Your task is to retype, exactly and without pictures, the line holding "Natural open eye" and each line that follows it to the end of the entries.

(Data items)
━━━━━━━━━━━━━━━━━━━━━━━━━━━━━━
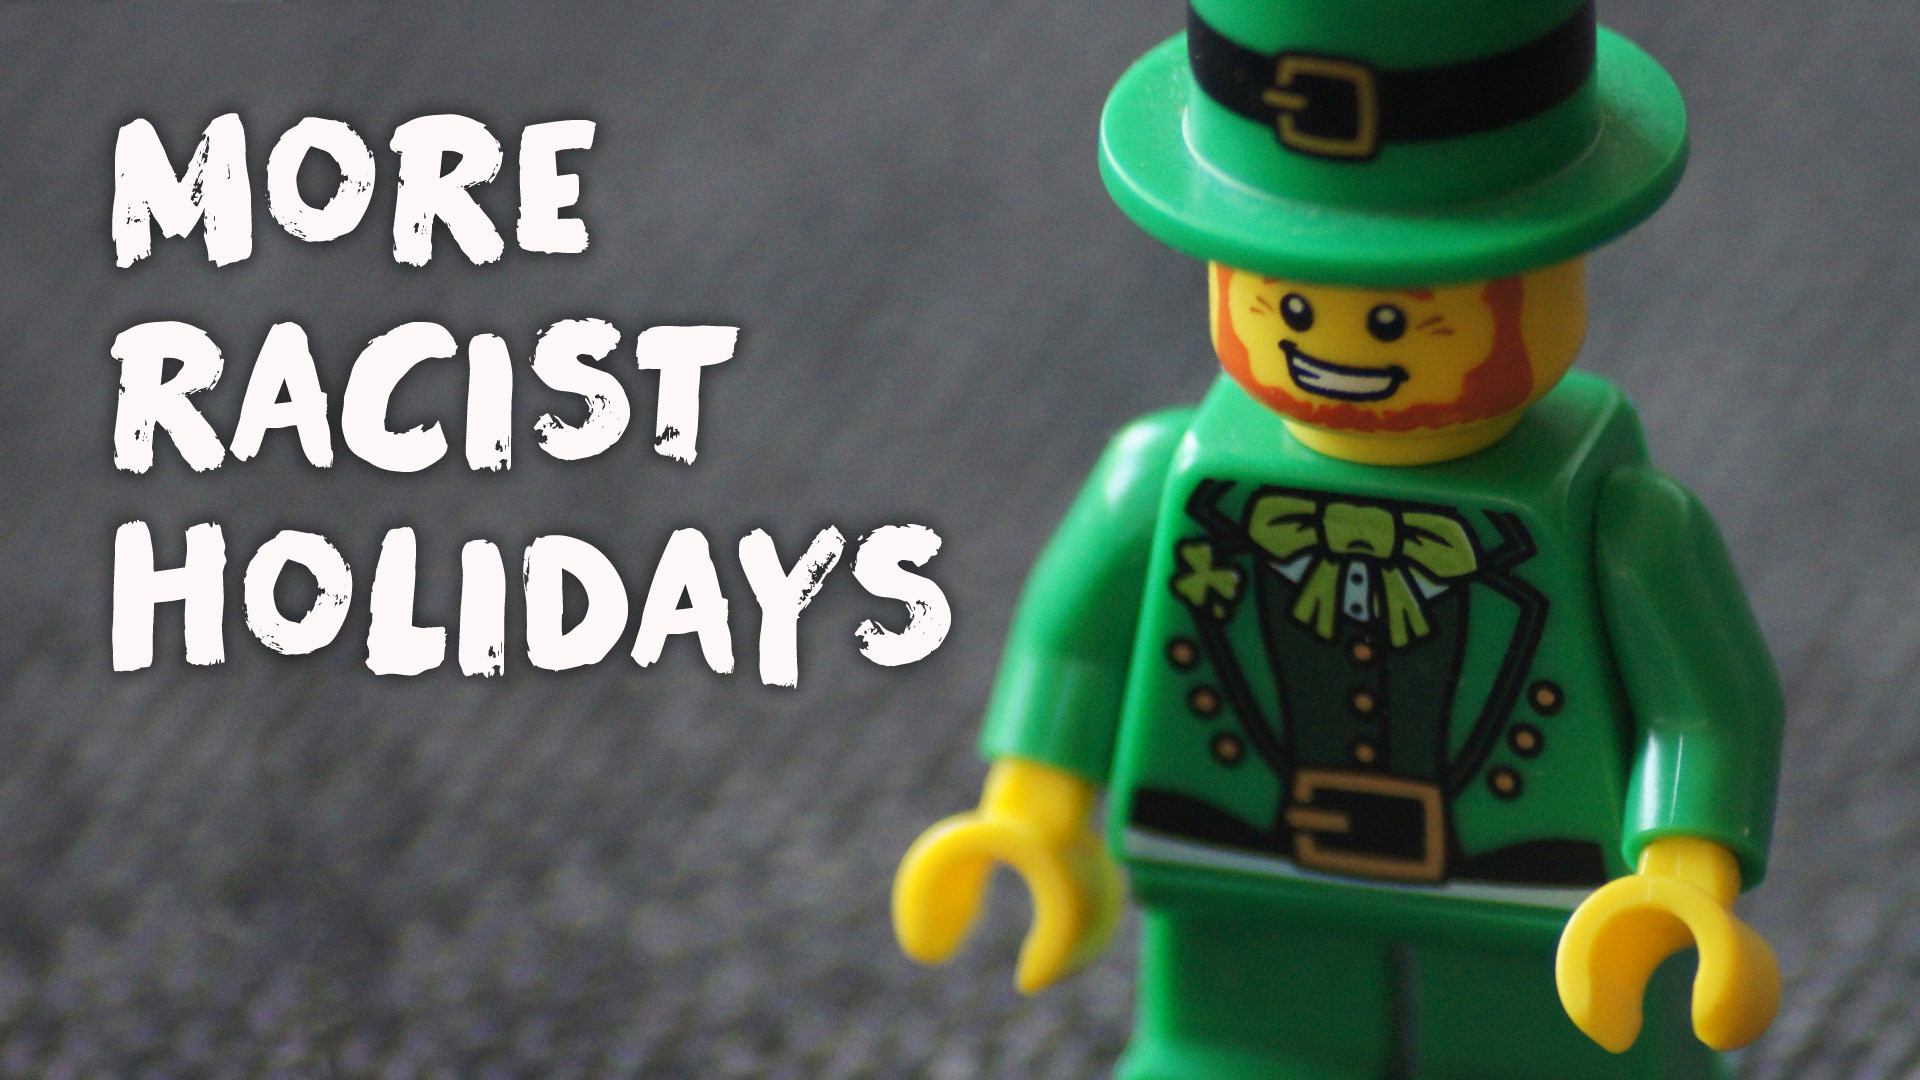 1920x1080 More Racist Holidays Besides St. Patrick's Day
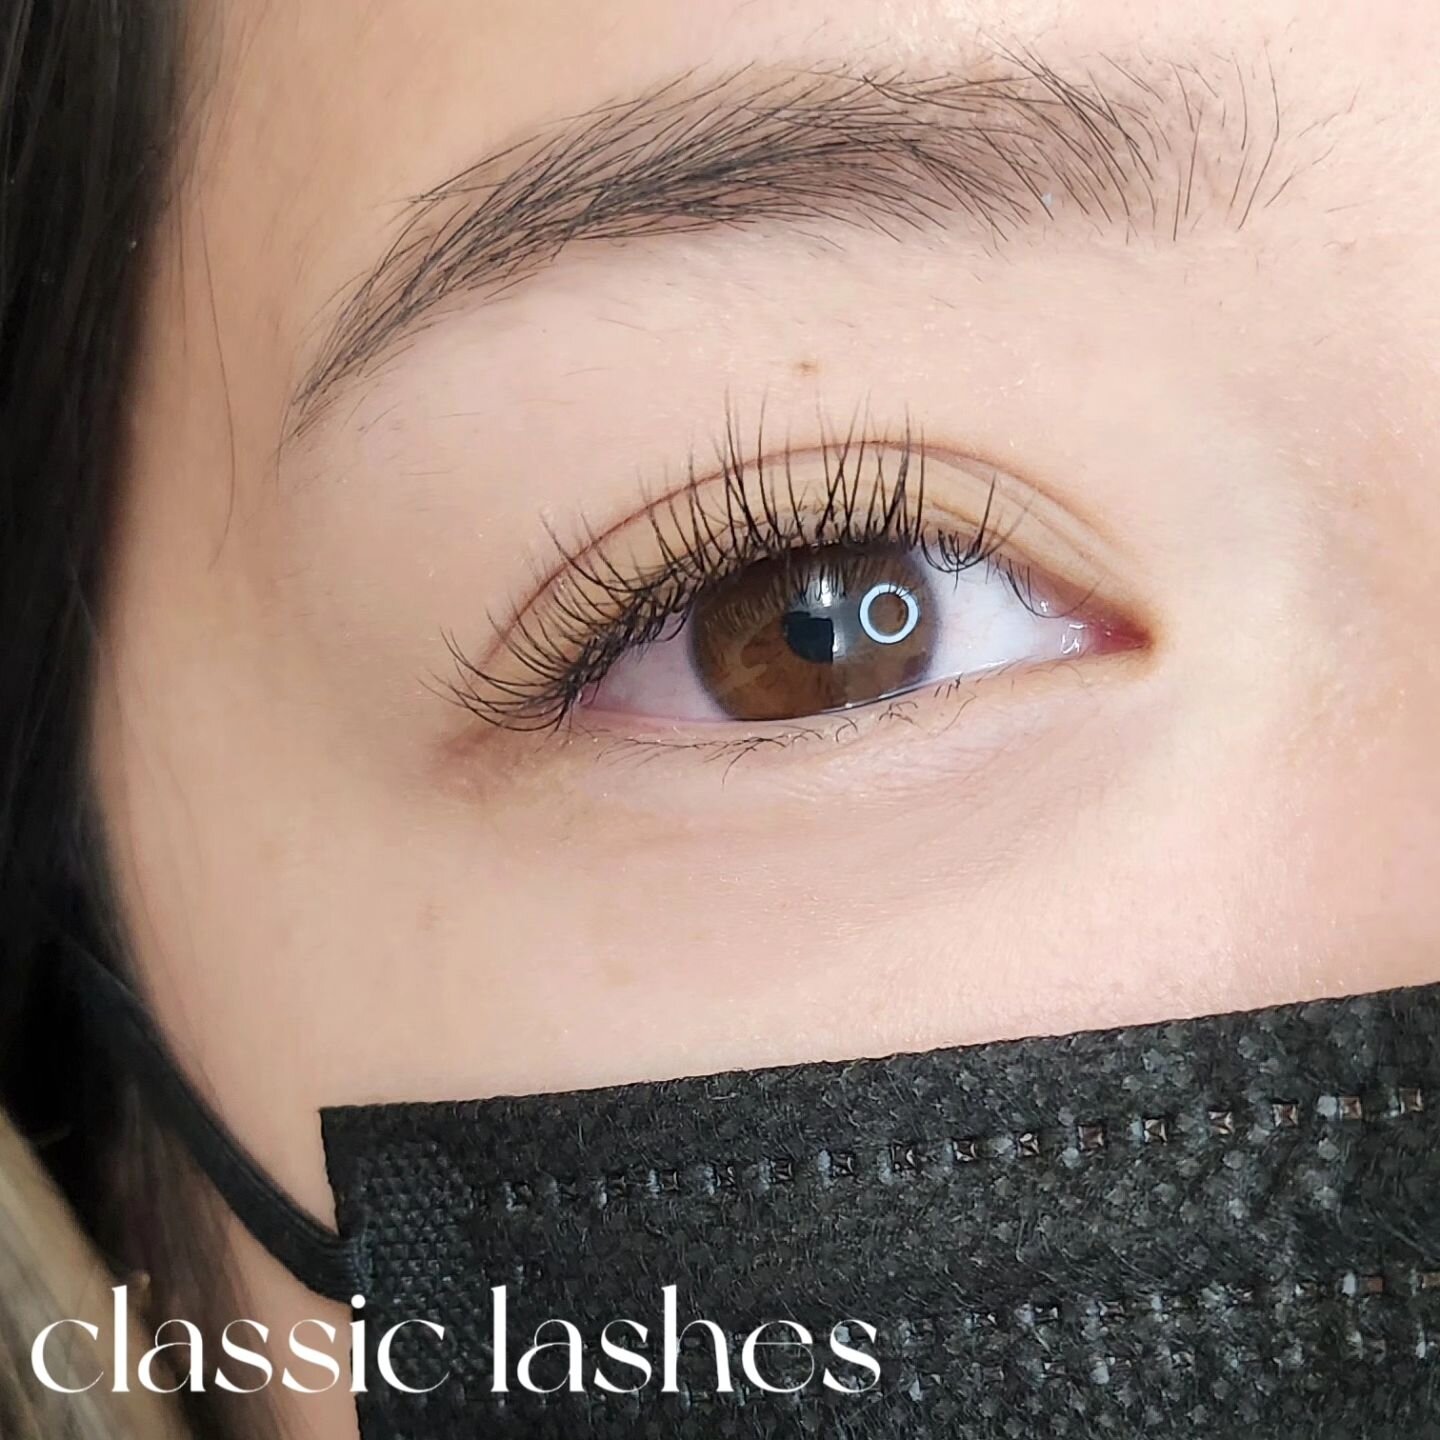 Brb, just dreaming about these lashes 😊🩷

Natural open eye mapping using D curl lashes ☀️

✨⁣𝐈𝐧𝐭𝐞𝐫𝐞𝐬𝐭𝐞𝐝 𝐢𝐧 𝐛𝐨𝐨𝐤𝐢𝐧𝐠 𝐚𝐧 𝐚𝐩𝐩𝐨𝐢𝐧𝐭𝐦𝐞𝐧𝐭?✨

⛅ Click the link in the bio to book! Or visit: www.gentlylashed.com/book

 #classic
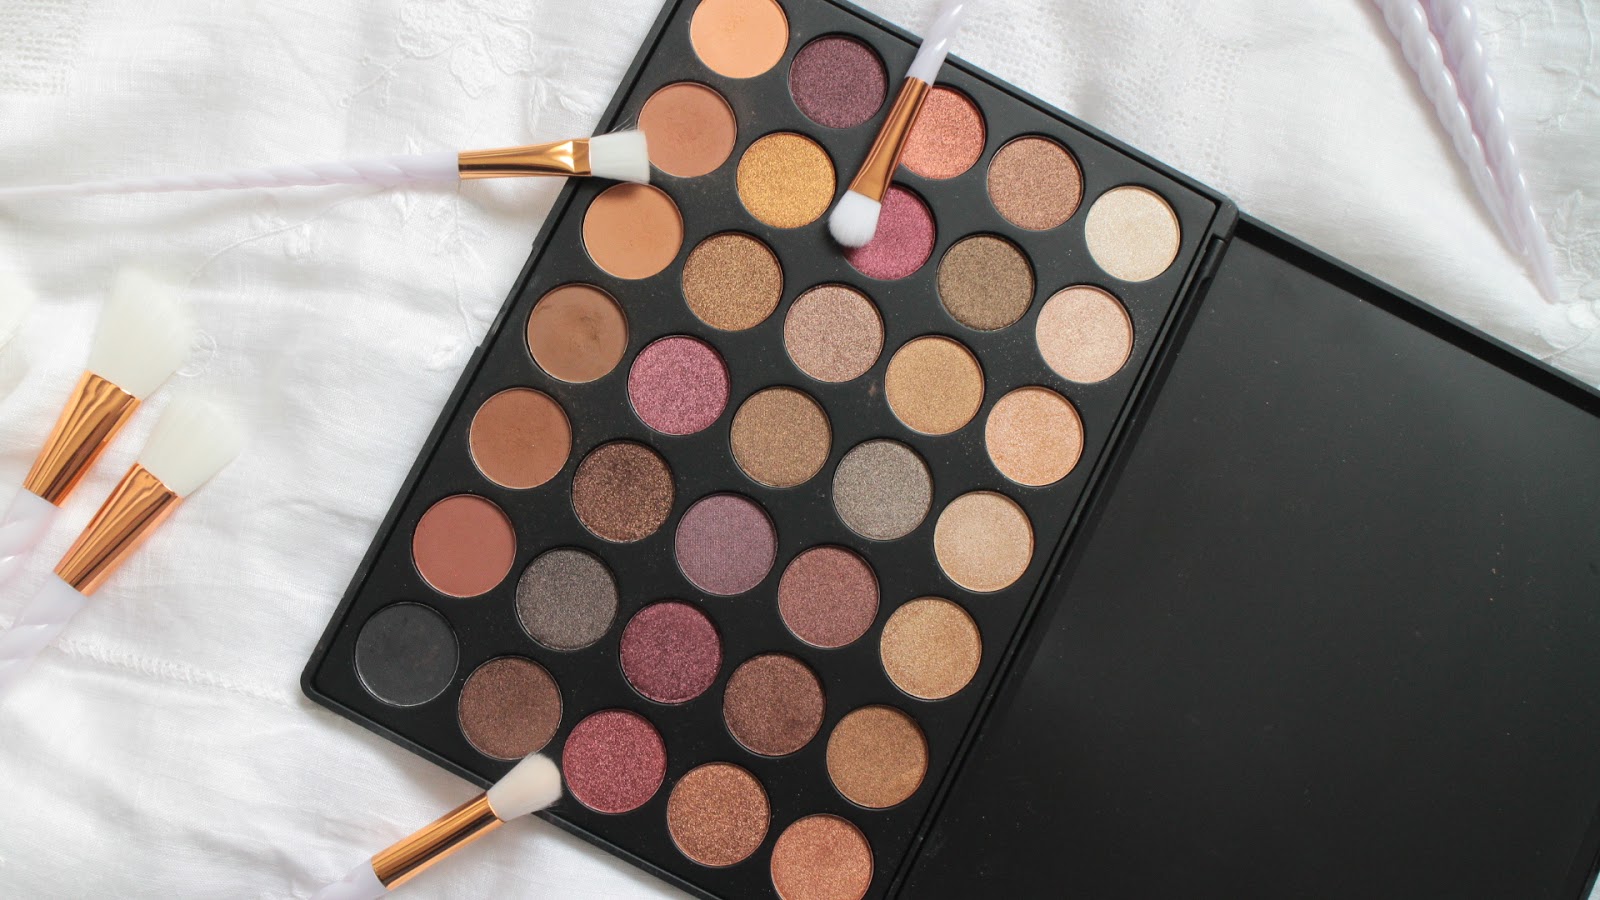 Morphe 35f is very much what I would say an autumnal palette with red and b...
━━━━━━━━━━━━━━━━━━━━━━━━━━━━━━
• **Result of the task**:
Natural open eye mapping using D curl lashes ☀️

✨⁣𝐈𝐧𝐭𝐞𝐫𝐞𝐬𝐭𝐞𝐝 𝐢𝐧 𝐛𝐨𝐨𝐤𝐢𝐧𝐠 𝐚𝐧 𝐚𝐩𝐩𝐨𝐢𝐧𝐭𝐦𝐞𝐧𝐭?✨

⛅ Click the link in the bio to book! Or visit: www.gentlylashed.com/book

 #classic
 Morphe 35f is very much what I would say an autumnal palette with red and b...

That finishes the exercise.